DataStax put spotlight on Axelerate through a interview with our CTO, Patrik Axelsson to highlight the usage of DataStax Enterprise in the Axelerate IoT Platform.
DataStax: Could you please tell us a bit about Axelerate, what exactly you offer and your role there?
Patrik: Axelerate provides a hyper-scaled Internet of Things (IoT) platform in cloud. We call this the IoT Business Platform, because that’s what IoT is really about, business. This platform helps you dramatically reduce time-to-market for your IoT solutions by providing the most essential components including Device Management, Analytics, Presentation, Automation and Billing. I’m currently operating as the CTO at Axelerate and making sure that the platform always uses the perfect matching technology for our business needs.
DataStax: What makes your IoT solution successful, what differentiates you to similar applications?
Patrik: We’ve built this platform from customer demands only. This is not a platform to play around with Arduinos or Raspberry Pis, even though that’s possible as well. This is a platform to provide enterprise-level delivery of IoT solutions. I think a lot of companies focus too much on communication in the world of IoT. What we’ve found is that customers find features like Organizational Management, Subscription Management and other administrative tools crucial for their choice of IoT provider.
DataStax: Did you use a different technology before you started using Apache Cassandra™?
Patrik: We store a lot of data. The majority of the data is collected from sensors. A typical data point is a GPS position received from a car or a truck. We receive a lot of these data points, and before they are transformed into meaningful business value we need to store them somewhere. Initially we used traditional relational databases but ended up switching to NoSQL technology to handle all the throughput. In essence, the primary reason we swapped was because of the trouble we had with scaling. We did some research around the trending NoSQL databases and found that Apache Cassandra™ covered our needs, with a lot of bonus benefits.
DataStax: Why did you decide to use Apache Cassandra™? What kind of data is stored there?
Patrik: We compared the different NoSQL technologies and found that Apache Cassandra™ was the best match for our case. We primarily use Apache Cassandra™ to store sensor data but we’ve also built some system functionality around Apache Cassandra™ to achieve high availability on these system components.
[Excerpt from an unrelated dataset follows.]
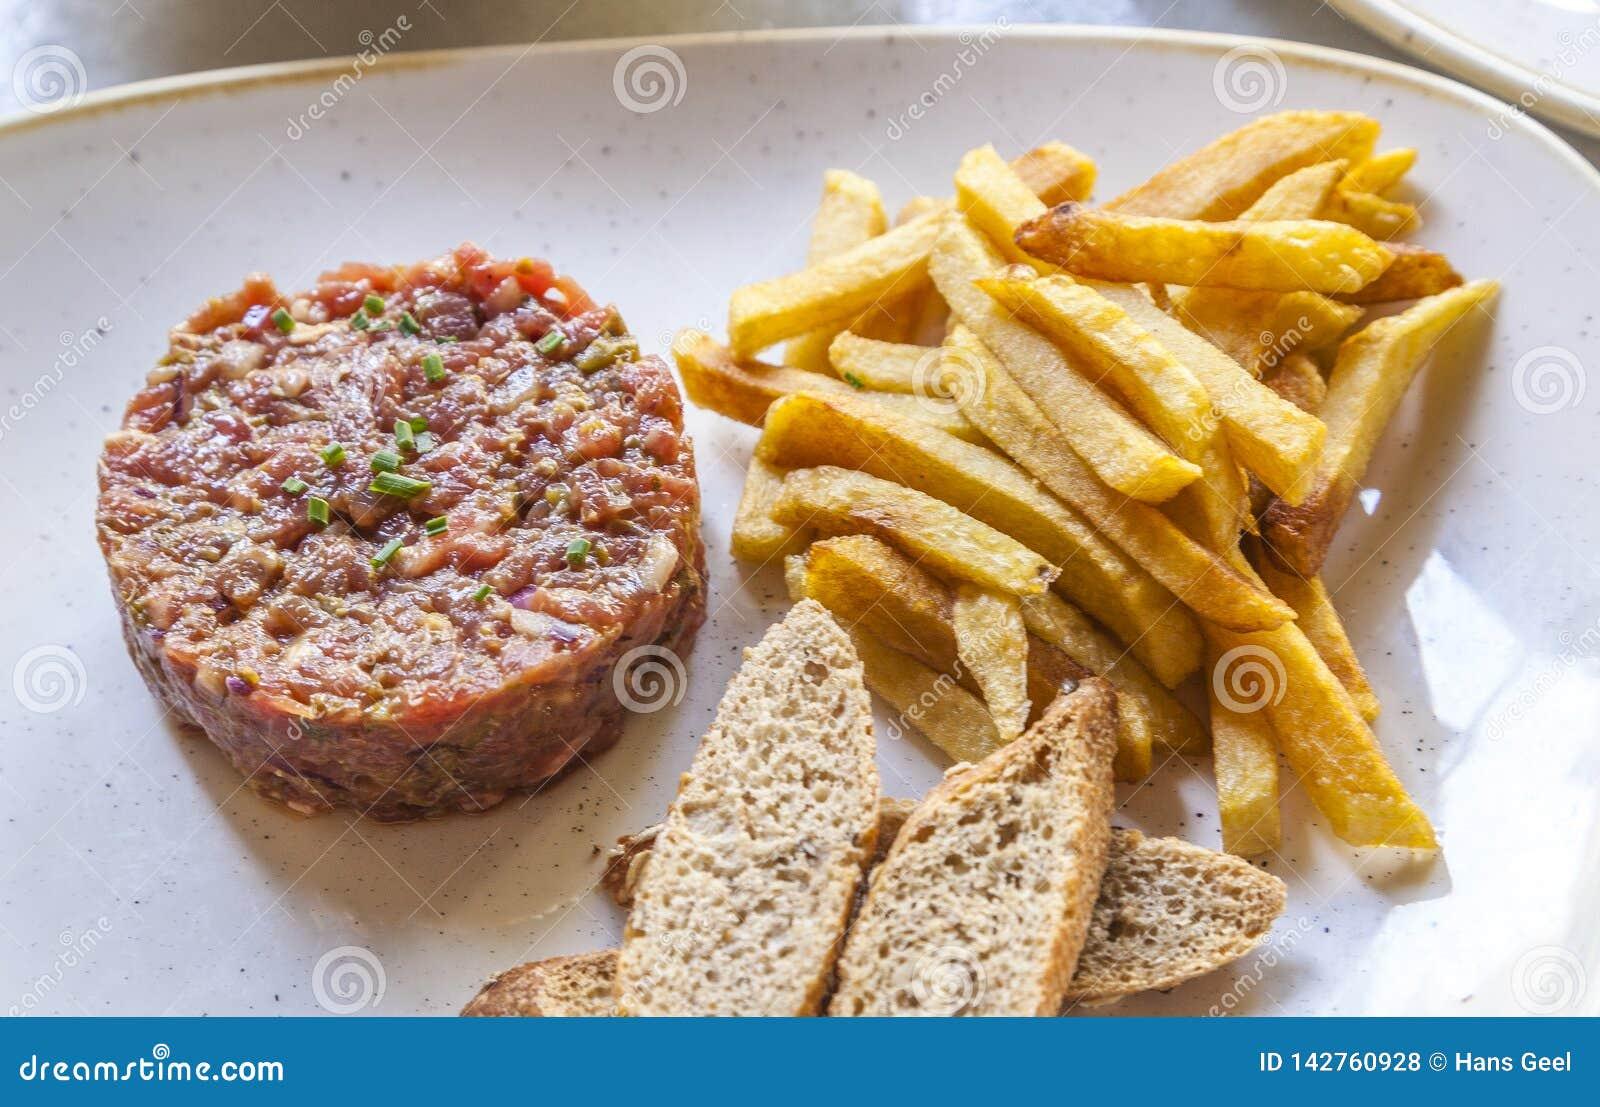 Carne a la tártara servida con las fritadas

DataStax: How would you sum up the benefits you’ve achieved with DataStax Enterprise (DSE)?
Patrik: A powerful backpack of tools that helps us build a system that scales infinitely and never goes down.
DataStax: What caused you to use DSE over open source Apache Cassandra™?
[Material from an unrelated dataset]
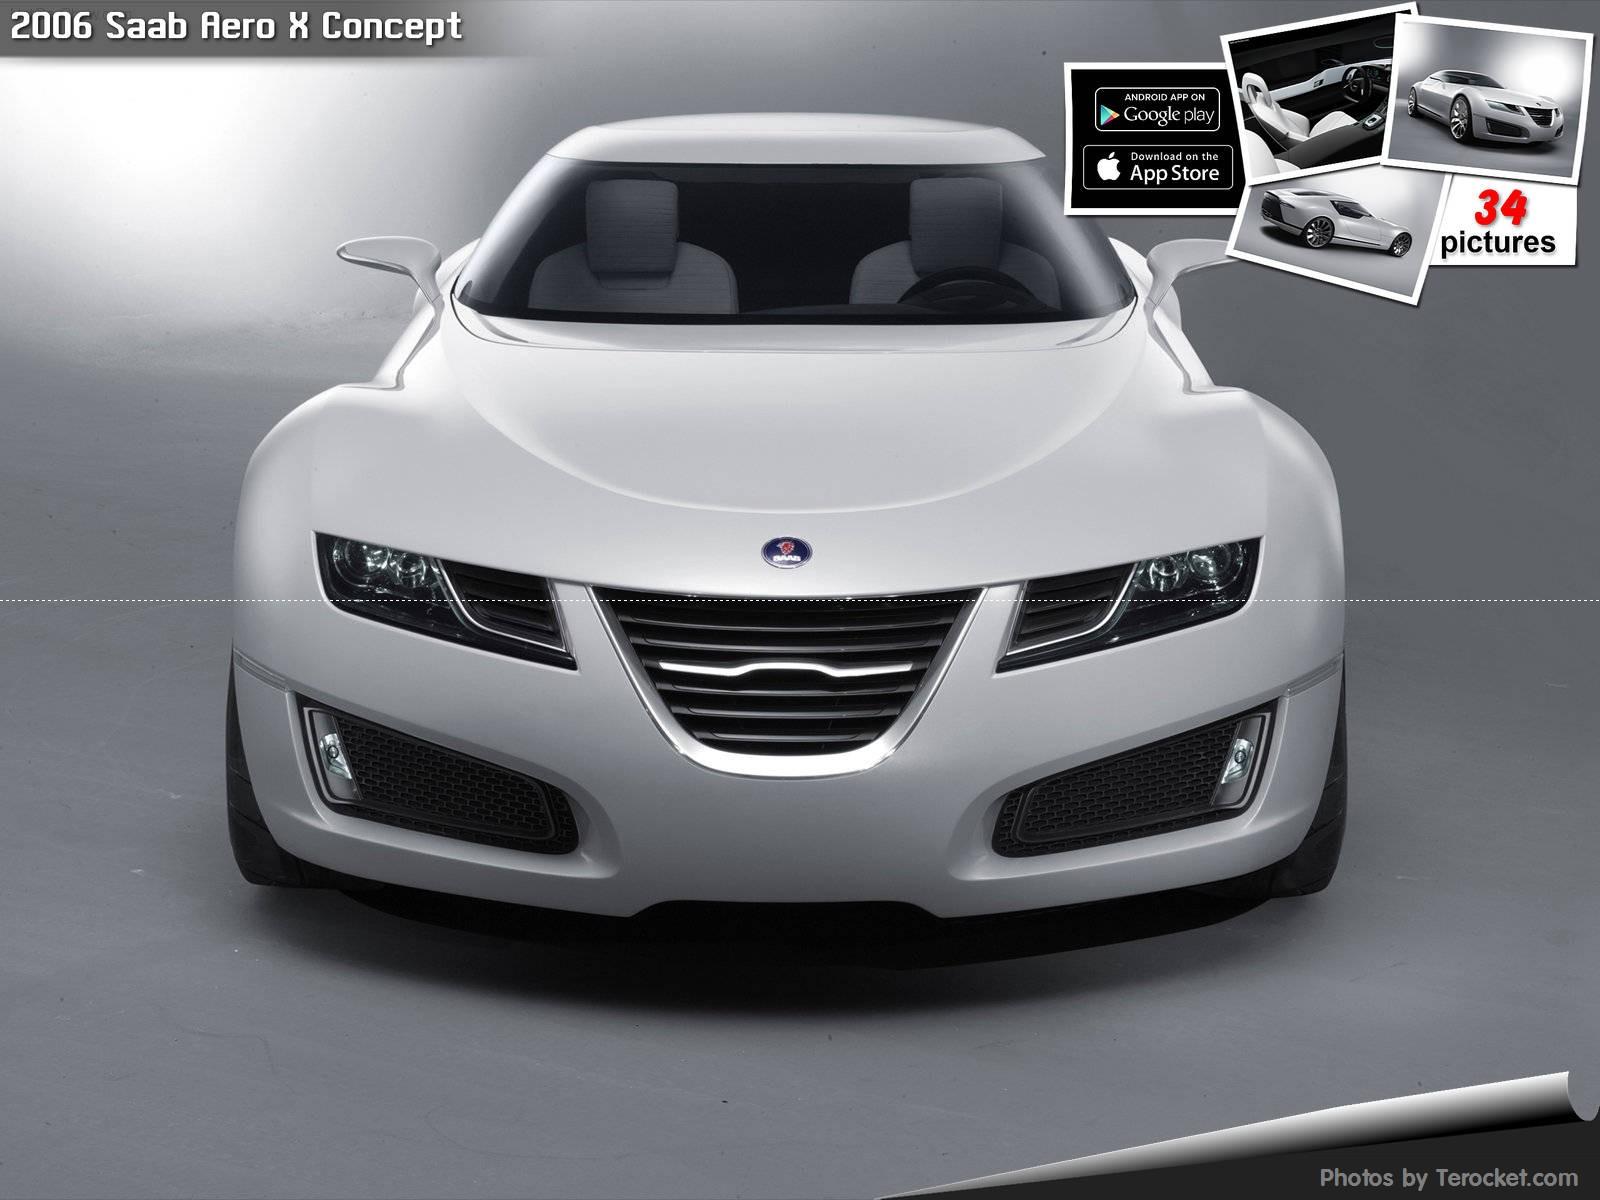 Hình ảnh xe ô tô Saab Aero X Concept 2006 & nội ngoại thất

Patrik: Simplicity. There’s a lot of management and operations related to spinning up and operating these kind of systems. DSE provides a lot of pre-built configurations, tools, integrations and benefits that helped us get started in no time. The enterprise level support that DataStax provides is also one of the many reasons we picked DSE over open source Apache Cassandra™.
DataStax: What features from the DataStax Enterprise (DSE) stack are you using at the moment? What business use case do they fulfill?
Patrik: We use Apache Cassandra™ to store data points received from all our connected devices and assets. Because of the great integration with Apache Hadoop™ and Apache Spark™ in DSE we can easily transform unstructured data into meaningful business value. We use the power of Apache Solr™ to lookup specific occurrences and events in this data. We also use OpsCenter.
DataStax: Tell us about the future of your project. Do you intend to leverage other parts of DSE to make it a reality?
Patrik: We WILL be integrating and building functionality around the Graph technology. Graphing your data gives you a relational insight that is extremely powerful (and useful).
DataStax: What advice would you give to other companies that are thinking about using Apache Cassandra™ for the first time in their solutions?
Patrik: Build PoCs and test clusters to get started. There’s a lot to learn but once you get your hands ready, you’ll end up with a killer Big Data system.